Vytautas Barkauskas
* 25. März 1931
Modus vivendi op. 108 (1996)
Schon ein Jahr vor seinem Studienabschluß in der Kompositionsklasse
von Antanas Račiunas hat Vytautas Barkauskas 1958 ein Klaviertrio
verfaßt, das er in der Folge – wie alle anderen vor 1964 entstandenen
Kompositionen – aus seinem Werkekatalog eliminiert hat. Erst 1990
stellte er sich wieder einer vergleichbaren Aufgabe, als er ein Trio für
die von Bartóks Contrasts (1938) geadelte Instrumentenkombination
Klavier, Klarinette und Geige vorlegte (op. 92). Die Parallele zu dem
großen Ungarn ist kein Zufall: Barkauskas ist auf den Tag genau fünfzig
Jahre nach Bartók geboren und hat ihn sich gewissermaßen zum
„Namensheiligen“ gewählt. Der skizzierte undogmatische modus creandi unseres Komponisten bewährt sich in dem sechs Jahre später entstandenen Klaviertrio Modus vivendi
für die „klassische“ Triobesetzung in besonders überzeugender Weise.

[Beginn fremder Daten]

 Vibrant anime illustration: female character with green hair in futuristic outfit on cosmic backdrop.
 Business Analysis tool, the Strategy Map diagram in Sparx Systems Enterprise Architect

Barkauskas begann die Komposition an seinem 65. Geburtstag, und den
autobiographischen Unterton des Werkes, das gleichzeitig Rückblick und
Bekenntnis ist, kann man nicht überhören. Die verwendeten Zwölftonreihen
haben keinerlei Mühe, sich in das von ihnen weitestgehend unabhängige
Leben des Werkes einzufügen – nirgendwo entsteht der Eindruck
„konstruktiver“ Anstrengung. Wie von selbst fügen sich Reihenfragmente
zu flächigen Ostinati, die zu wechselnden tonalen Zentren gravitieren,
ohne die Vorherrschaft des „Grundtones“ A (für den Komponisten ein
Tonsymbol seiner Frau Svetlana) zu unterminieren. Diesem Ausgangston der
Reihe steht mit dem Endton D eine Chiffre für den Komponisten selbst
gegenüber. Barkauskas´ Idiom kennt weder historische Berührungsängste
(etwa im Zitieren „impressionistischer“ Texturen) noch gekünstelte Scheu
vor dem tonalen Substrat – im Gegenteil versteht es, sich die in ihm
tradierte Kommunikationskraft (etwa in der leitmotivischen Verwendung
des Zusammenklanges eines Dur- und Mollakkordes im Halbtonabstand, der
in den Tönen 1-6 der Reihe schon präformiert erscheint) zunutze zu
machen. Barkauskas hat mit diesem Werk bewiesen, daß die einander
etliche Jahrzehnte hindurch unversöhnlich gegenüberstehenden Idiome der
Musik schon längst einen fruchtbaren modus vivendi gefunden haben.